**PROBLEM TO SOLVE:** Please restate each line of the material word for word and omit any pictures.

**SUPPLIED INFORMATION:**

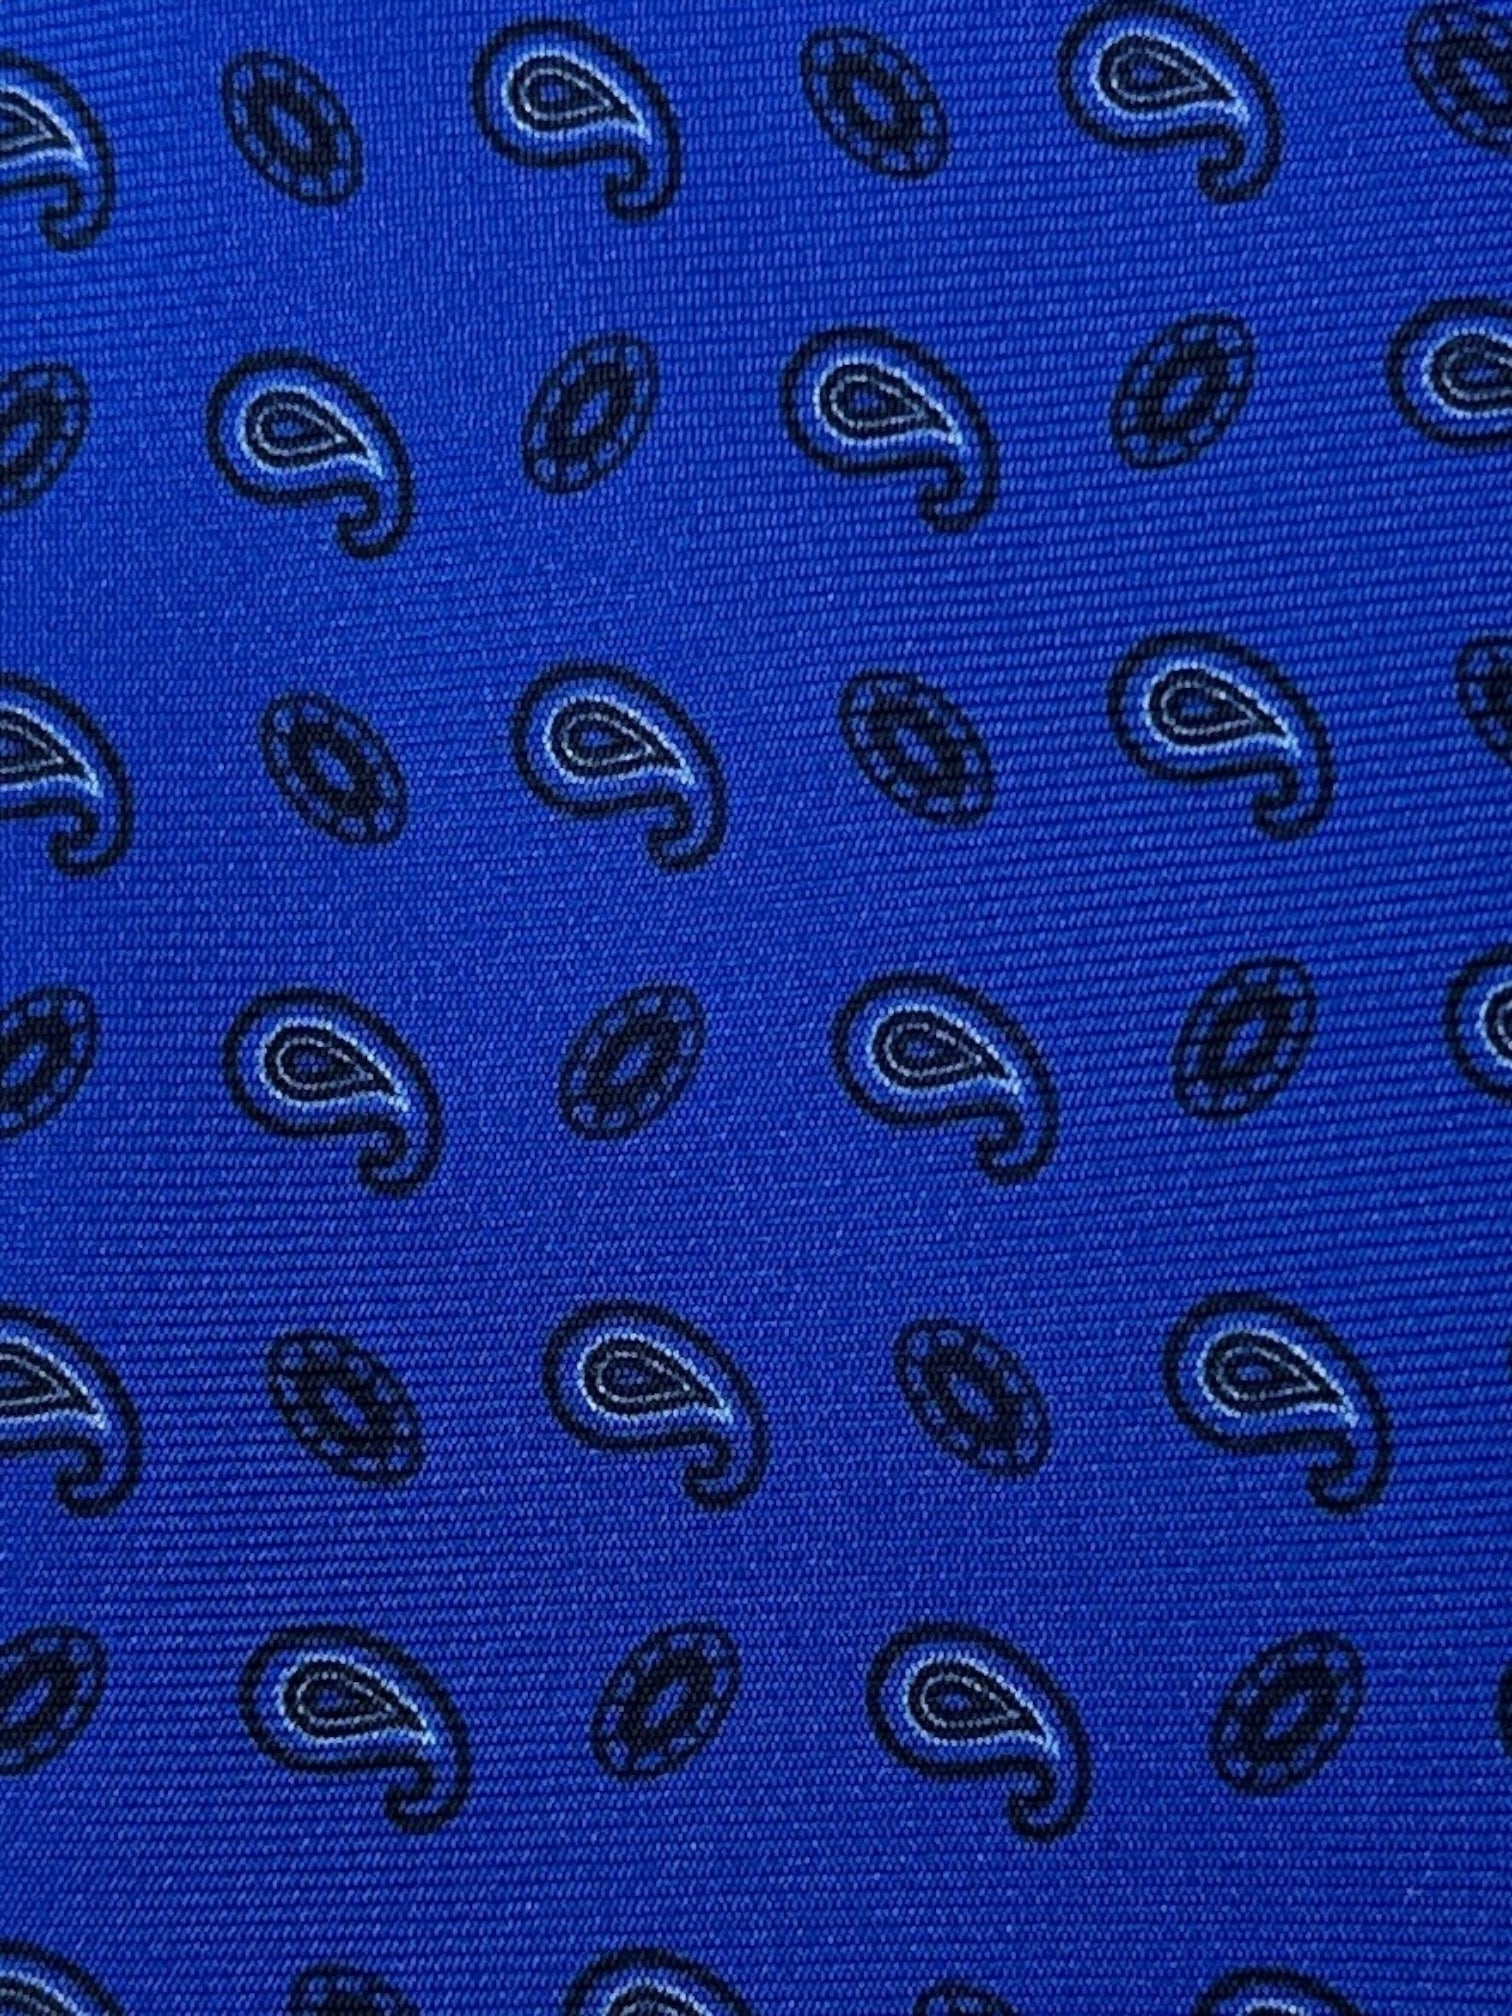 Kiton 7-Fold Royal Blue Paisley Tie
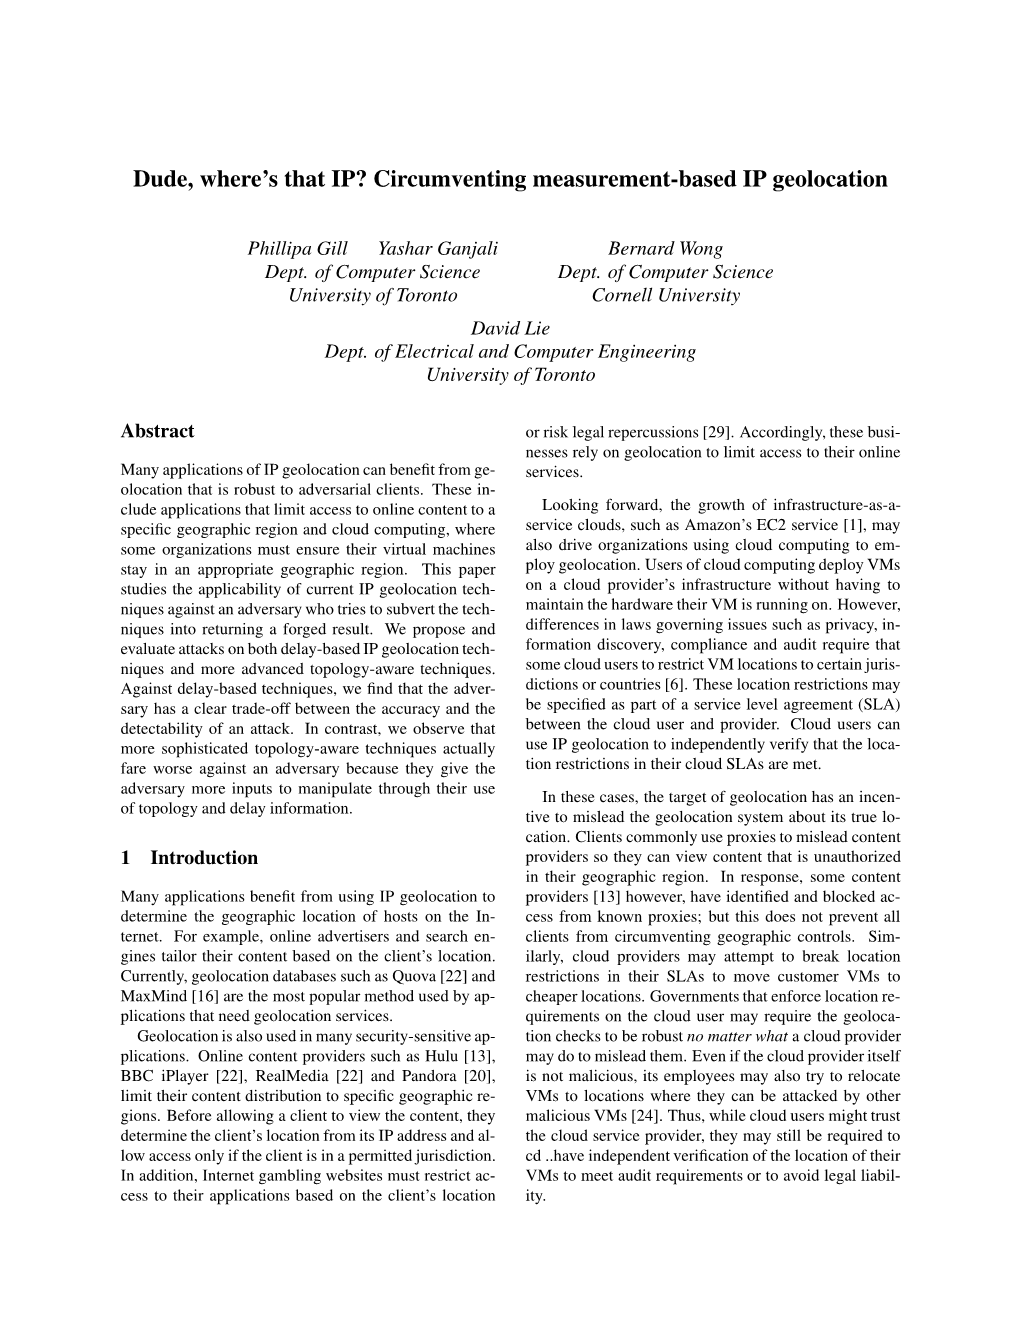 Circumventing Measurement-Based IP Geolocation
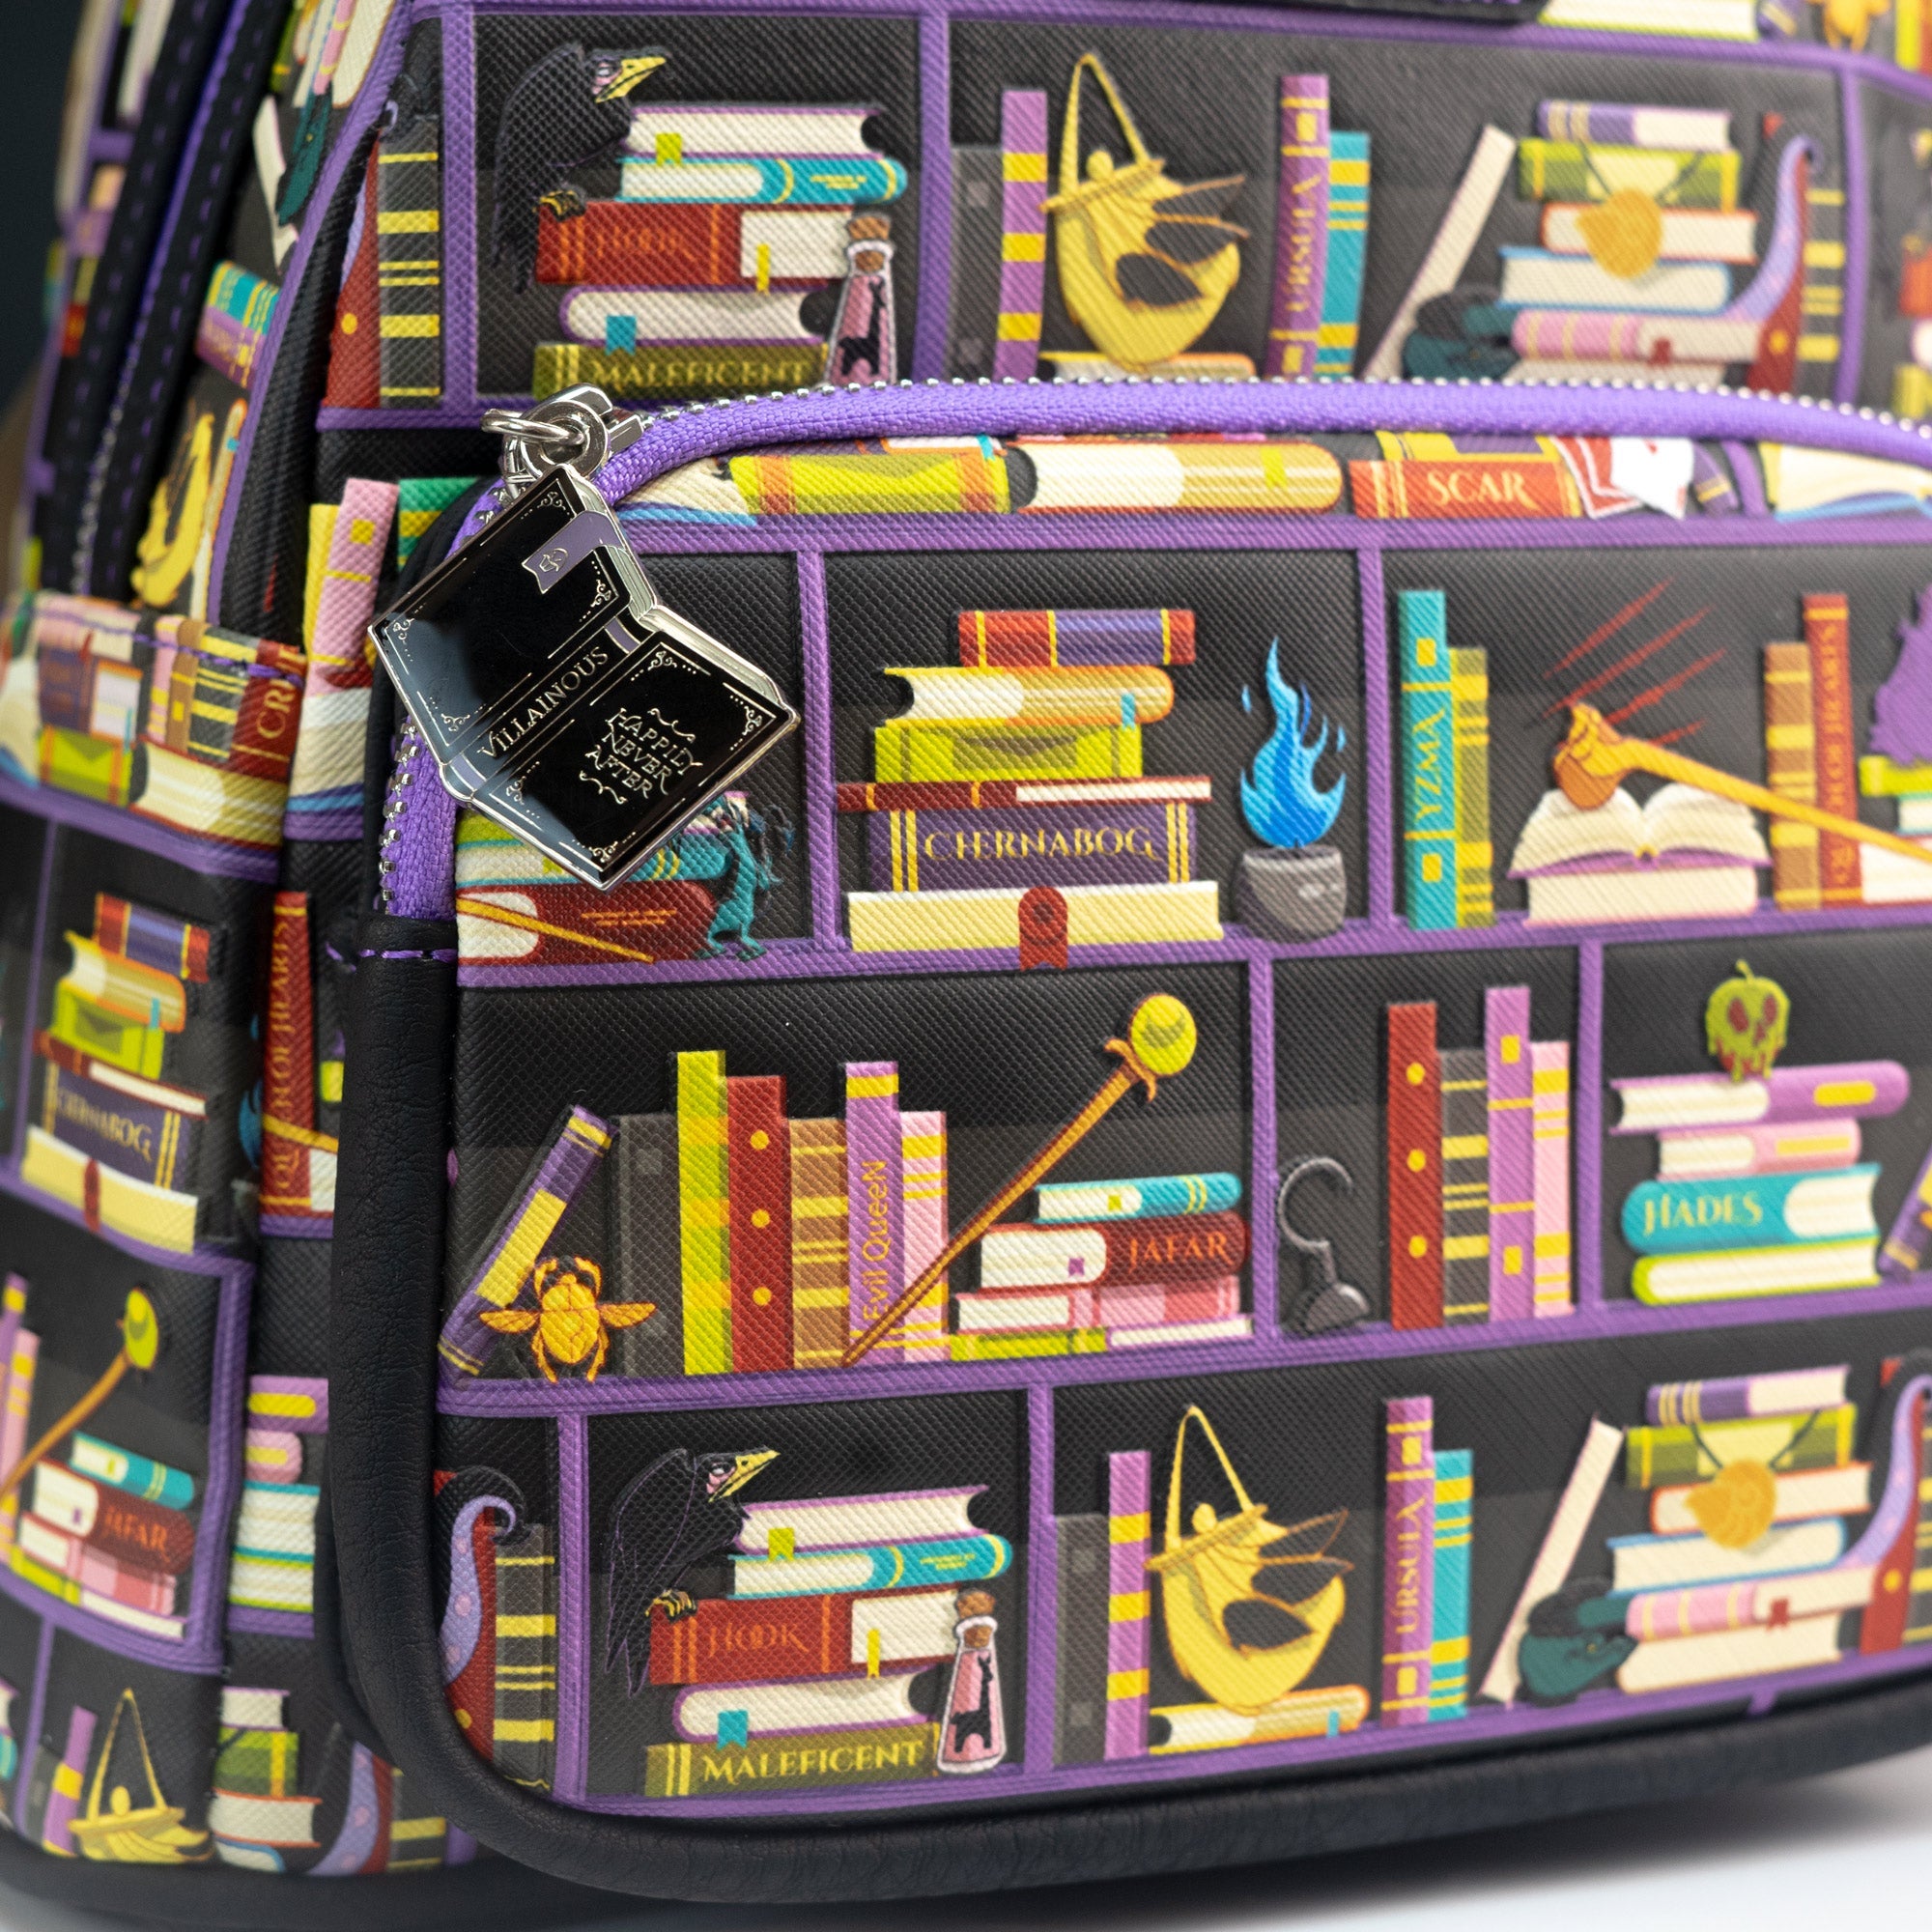 Loungefly x Disney Villains Books Mini Backpack - GeekCore

**COMPLETED EXERCISE:**
 Kiton 7-Fold Royal Blue Paisley Tie
 Circumventing Measurement-Based IP Geolocation
 Loungefly x Disney Villains Books Mini Backpack - GeekCore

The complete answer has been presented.